The Alameda Corridor Transportation Authority (ACTA) Governing Board also re-established the goal for the Alameda Corridor Business Outreach Program for the year that began Oct. 1. The program requires an annual review.
So far, Disadvantaged Business Enterprises (DBEs) – generally small minority- and women-owned firms – have accounted for 22.8 percent of all contracting activity, or $261 million. Moreover, 24.1 percent of all design and construction dollars expended to date have been paid to minority- and women-owned businesses.
Their contributions have run the gamut – from engineering and design work to actual construction, from on-call right-of-way services to materials procurement, and from prime contractors to subcontractors.
“We’re exceptionally pleased that the program is showing such strong results, because from the beginning we committed ourselves to ensuring that all firms in the region have an equal opportunity to compete for work on the Alameda Corridor,” said Los Angeles City Councilman Rudy Svorinich, Jr., chairman of the ACTA Governing Board.

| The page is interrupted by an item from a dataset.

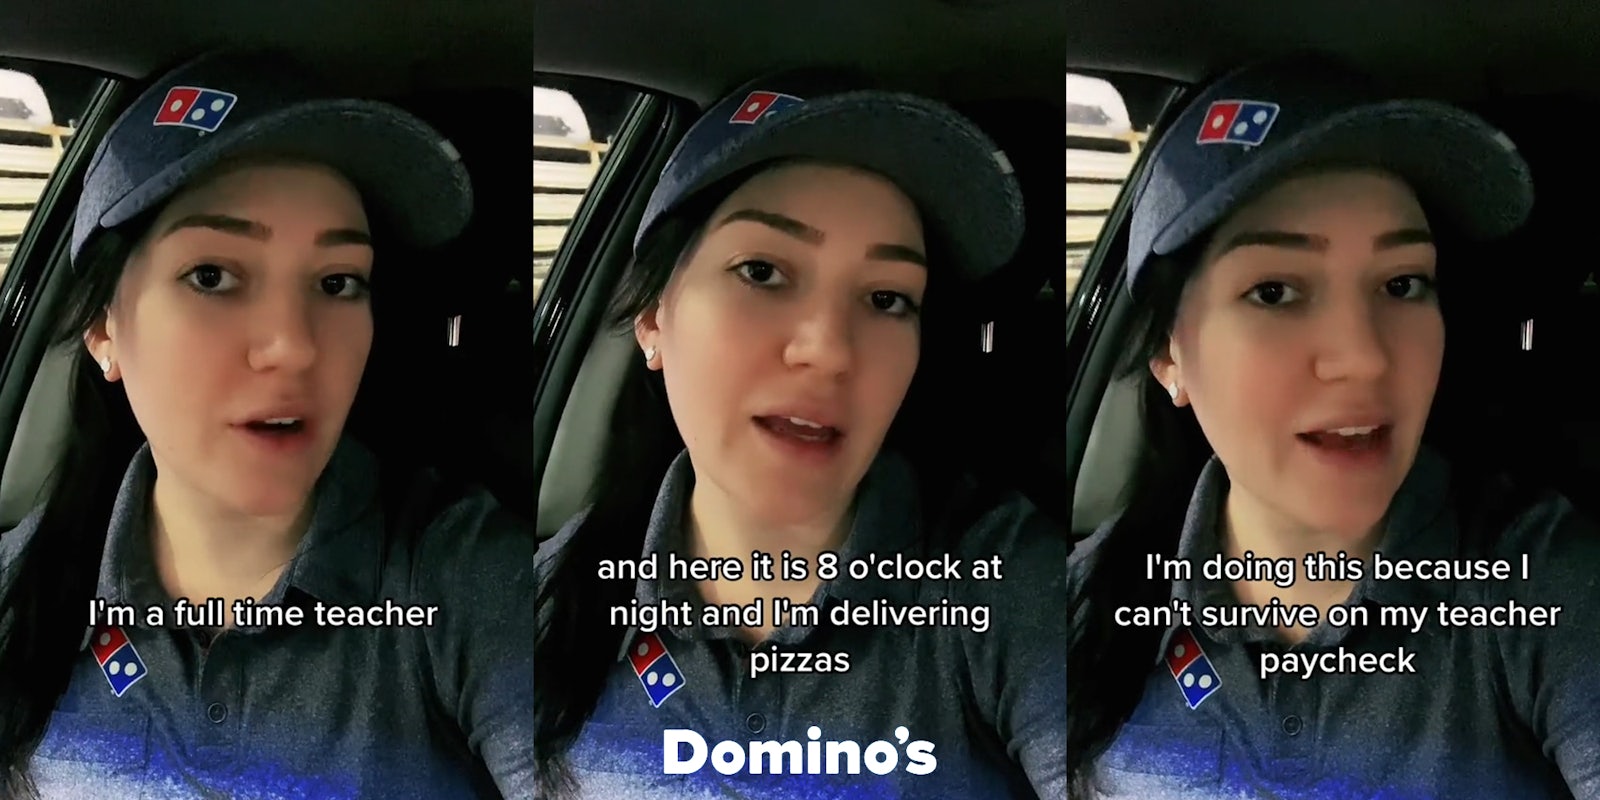 Domino's employee/teacher speaking in car with caption 'I'm a full time teacher' (l) Domino's employee/teacher speaking in car with caption 'and here it is 8 o'clock at night and I'm delivering pizzas' with Dominos logo at bottom (c) Domino's employee/teacher speaking in car with caption 'I'm doing this because I can't survive on my teacher paycheck' (r)

Among the methods used to attract DBEs are technical assistance workshops, advertisements about contract opportunities placed in specialty publications, and networking workshops where representatives of firms are introduced to one another so that they may form partnerships to bid for work. ACTA also has divided large projects into phases to create contracts suited to the bonding capacity of smaller firms.
The Alameda Corridor Business Outreach Program is funded by the Economic Development Administration of the U.S. Department of Commerce, the Los Angeles Mayor’s Office of Economic Development, and ACTA. It is administered by the Los Angeles Minority Business Opportunity Committee.